是的,很好的拼图。我们可以发现中位数沿着你所说的方向发展。
在 C 中,max(k) 出现 1 次,次高出现 3 次,次高出现 5 次,依此类推
如果我们对 C 的元素进行排序,则第 m 个最高数字左侧的元素数量为 m^2 (奇数之和)
我们感兴趣的数字(计算中位数) )
一个。如果 n 是奇数则 (n^2+1)/2 = alpha
b.如果 n 为偶数,则 alpha1 = n^2/2 且 alpha2 = n^2/2+1
但 alpha1=n^2/2 永远不是平方数 =>紧邻 alpha1 右侧的数字等于 alpha1(前 m 个奇数之和为平方)=> alpha1=alpha2。

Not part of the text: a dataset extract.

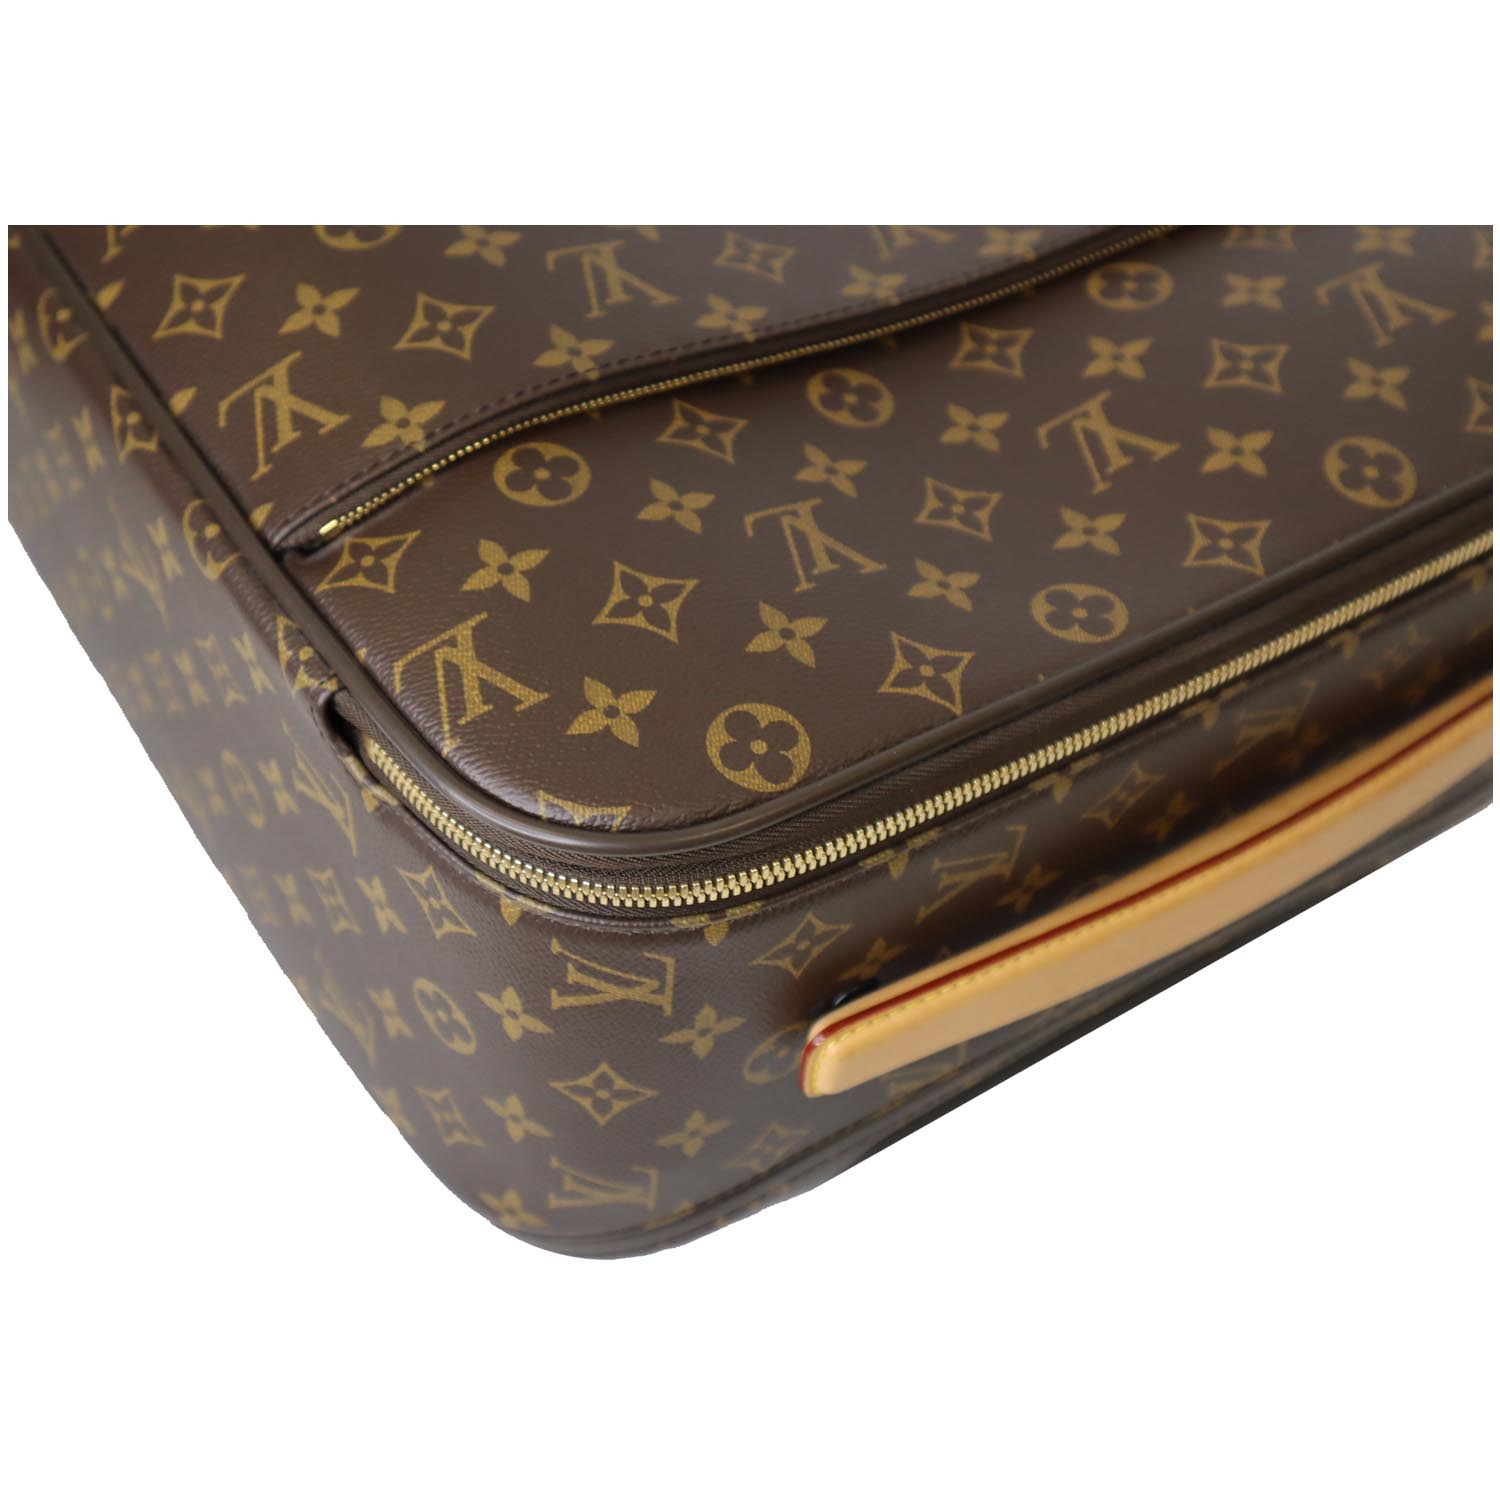 Louis Vuitton Pegase 55 Rolling Suitcase Graphite51.063,00 kr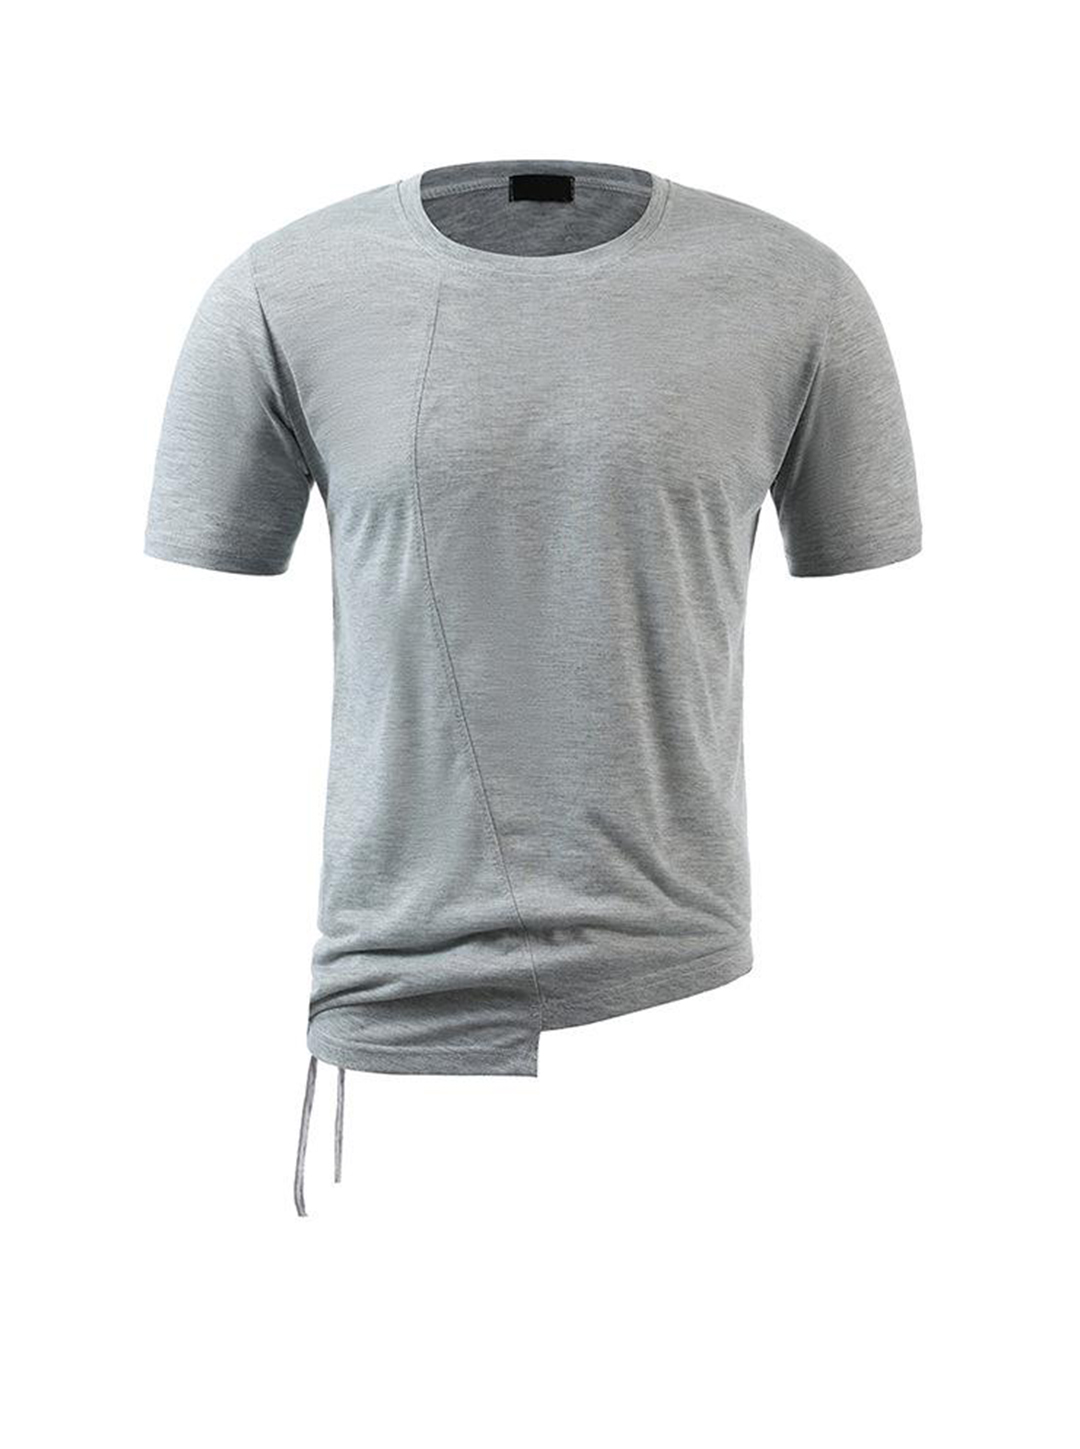 Men's Leonard Cut Design Irregular Hem Short-sleeved T-shirt-poisonstreetwear.com

因此归结为确定 m,使得 m^2(前 m 个奇数之和)略高于 (n^2/2)
因此归结为确定m=ceiling(n/sqrt(2)和原始序列中第m个最高的数字。(是否找到第 m 个最高或第 (nm-1) 个最低是优化。
Yes, good puzzle. We can find median developing on the lines you said.
In C we have 1 occurence of max(k), 3 occurrence of next highest, 5 of next highest and so on
If we ordered elements of C, number of elements on the left of mth highest number is m^2 (sum of odd numbers)
The numbers that we are interested in (to calculate median)
a. If n is odd is (n^2+1)/2 = alpha
b. If n is even then alpha1 = n^2/2 and alpha2 = n^2/2+1
but alpha1=n^2/2 is never a square number => the number immediately on the right of alpha1 is equal to alpha1 (sum of first m odd numbers is square) => alpha1=alpha2.
So it boils down to determining m such that m^2 (sum of first m odd numbers) is just higher than (n^2/2)
So it boils down to determining m=ceiling(n/sqrt(2) and mth highest number in original sequence. (Whether to find mth highest or (n-m-1)th lowest is optimization).
We can easily find mth highest number (just keep noting first m largest number from left) or use median of medians algortithm to do it in linear time.
维基百科有一篇关于选择算法的好文章。如果您使用 C++,STL 包含线性时间的 nth_element() 算法平均而言。
Wikipedia has a good article on Selection algorithms. If you are using C++, the STL includes a nth_element() algorithm with linear time on average.